Bad Grades: Academic Accountability, not an Attack on Identity
Photo by Nathan Dumlao on Unsplash In December 2025, Mel Curth, a University of Oklahoma instructor, was placed on leave after a student complained that she received a failing grade on a psychology assignment because her essay cited the Bible to argue that the belief in multiple genders is “demonic.” Conservative groups quickly spread the story, portraying the grade as proof that religious students face silencing on college campuses. Within days, what began as a routine academic evaluation had transformed into a national controversy over free speech, religious liberty, and academic freedom on and off college campuses.

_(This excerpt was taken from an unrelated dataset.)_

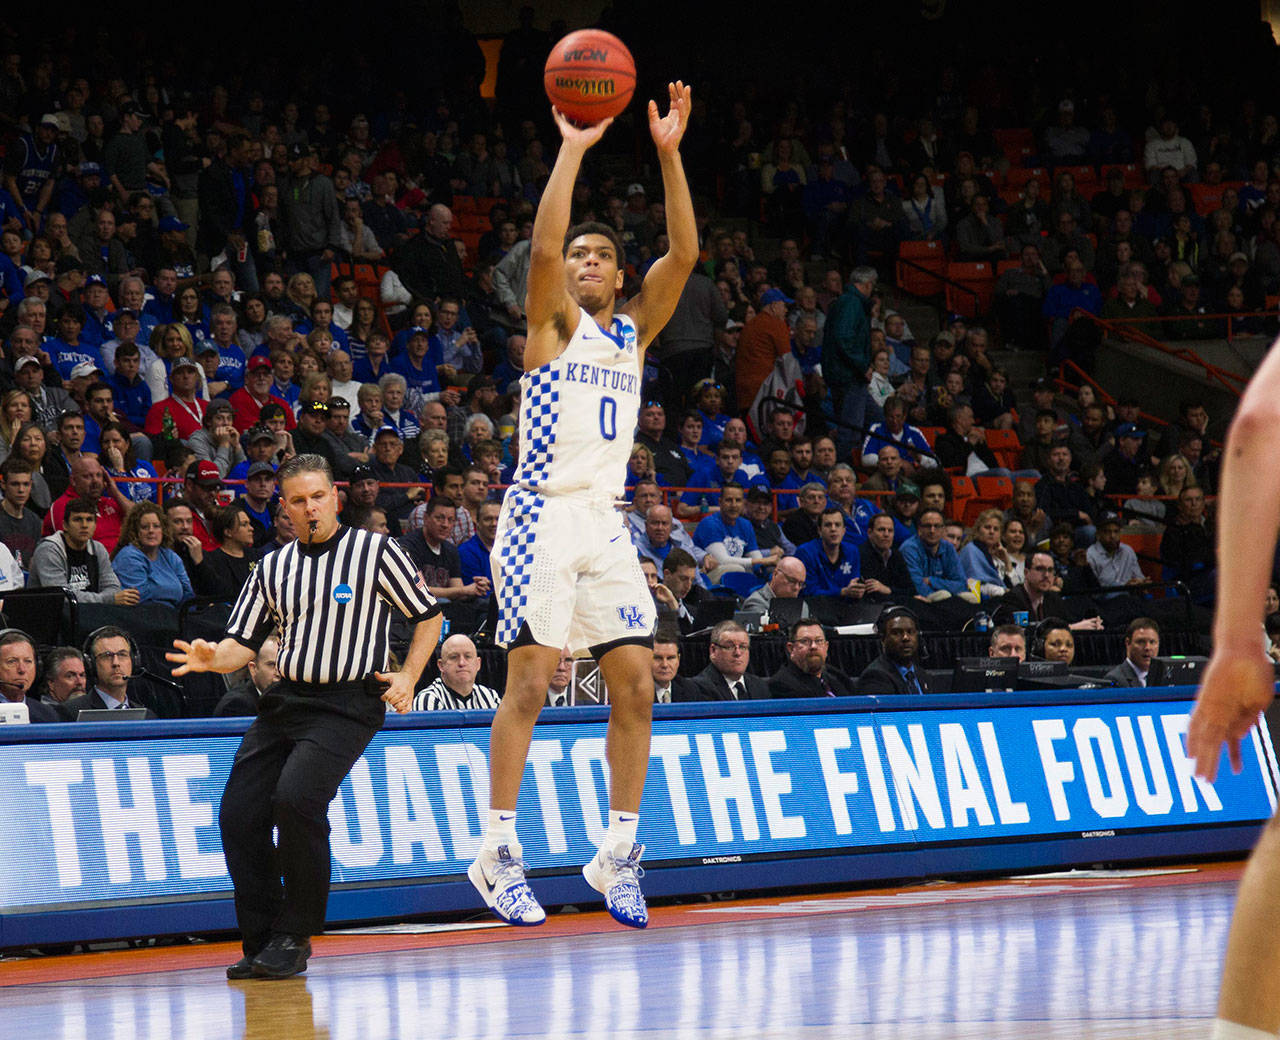 Former Kentucky point guard Quade Green pulls up for a 3-pointer against Davidson during the first round of the NCAA Tournament West Regional on March 15, 2018. Green transferred to Washington and had his eligibility petition approved by the NCAA on Friday. (Darin Oswald/Idaho Statesman/TNS)
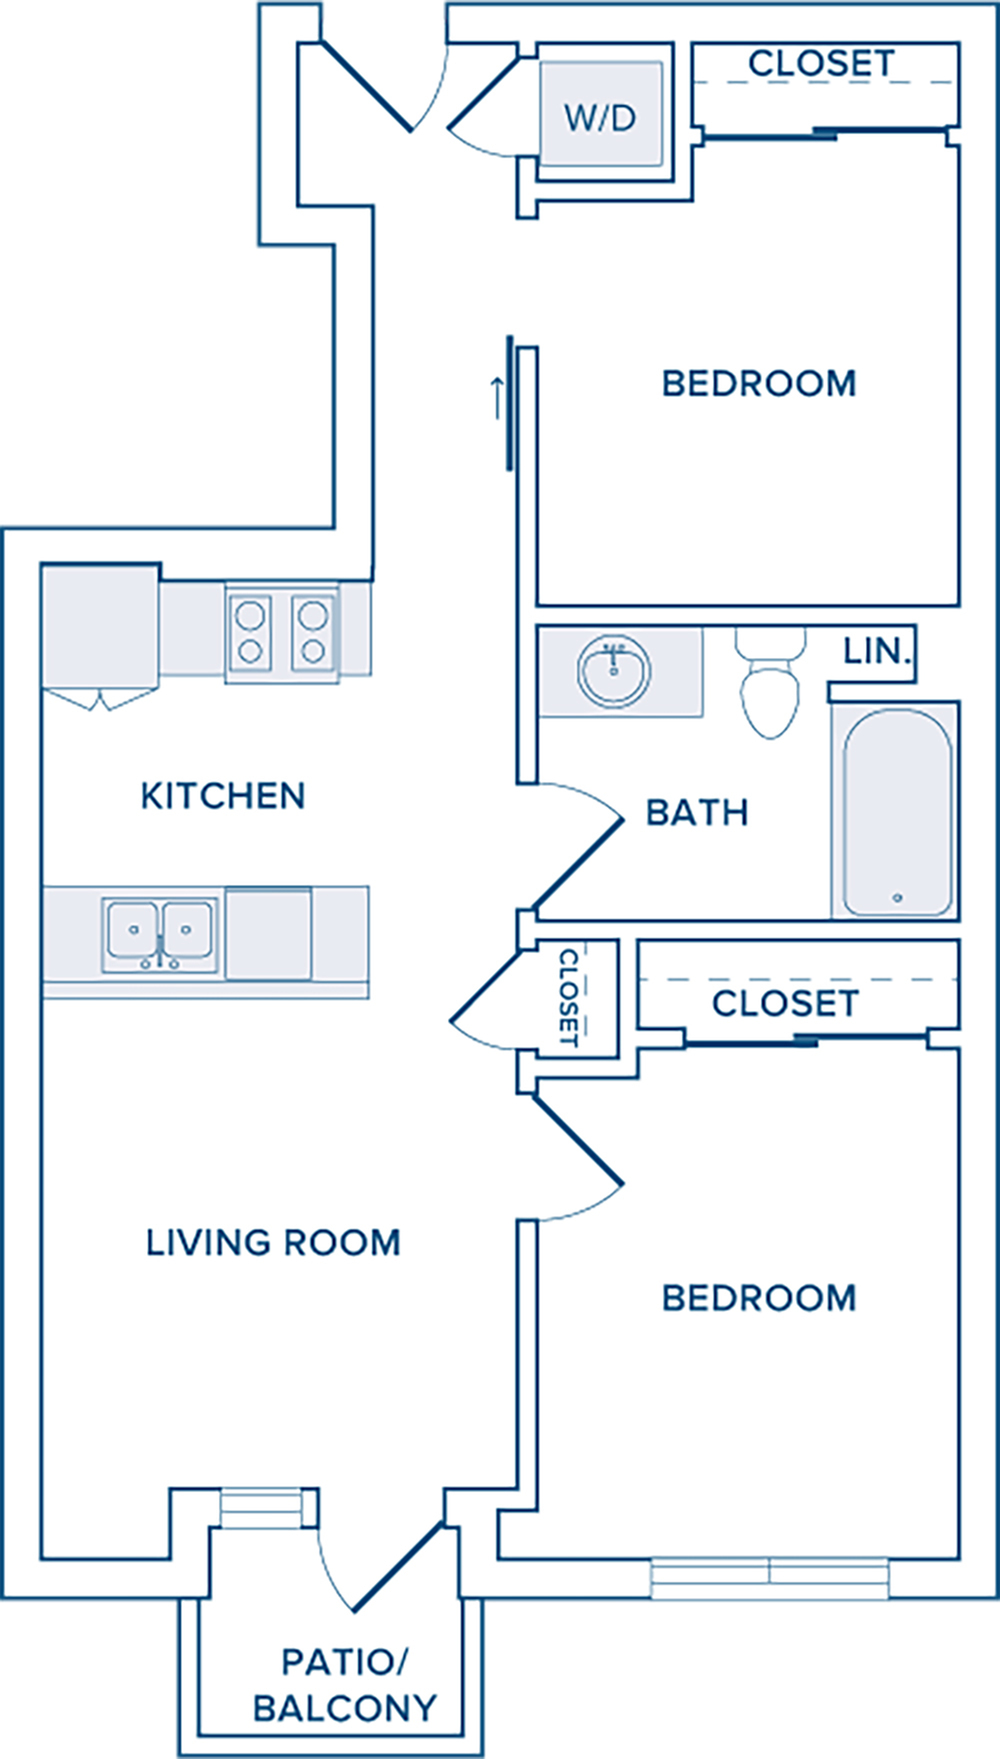 736 to 747 square foot two bedroom one bath apartment floorplan image

But the central question was never whether the student was allowed to hold her beliefs. It was whether those beliefs satisfied the requirements of the assignment. The paper in question was meant to analyze a peer-reviewed study about how people are perceived based on societal expectations of gender. According to reporting, the instructor explicitly noted that points were not deducted because of the student’s religious views, but because the essay failed to engage with the research, relied on personal ideology rather than empirical evidence, and did not address the prompt. In other words, the student was graded on methodology, not theology.
This grading distinction matters, not just in Oklahoma, but across higher education. Increasingly, academic accountability is being reframed as religious discrimination. When students submit work grounded in scripture rather than evidence, and then characterize a poor grade as persecution, the result is a fundamental misunderstanding of both religious freedom and education itself.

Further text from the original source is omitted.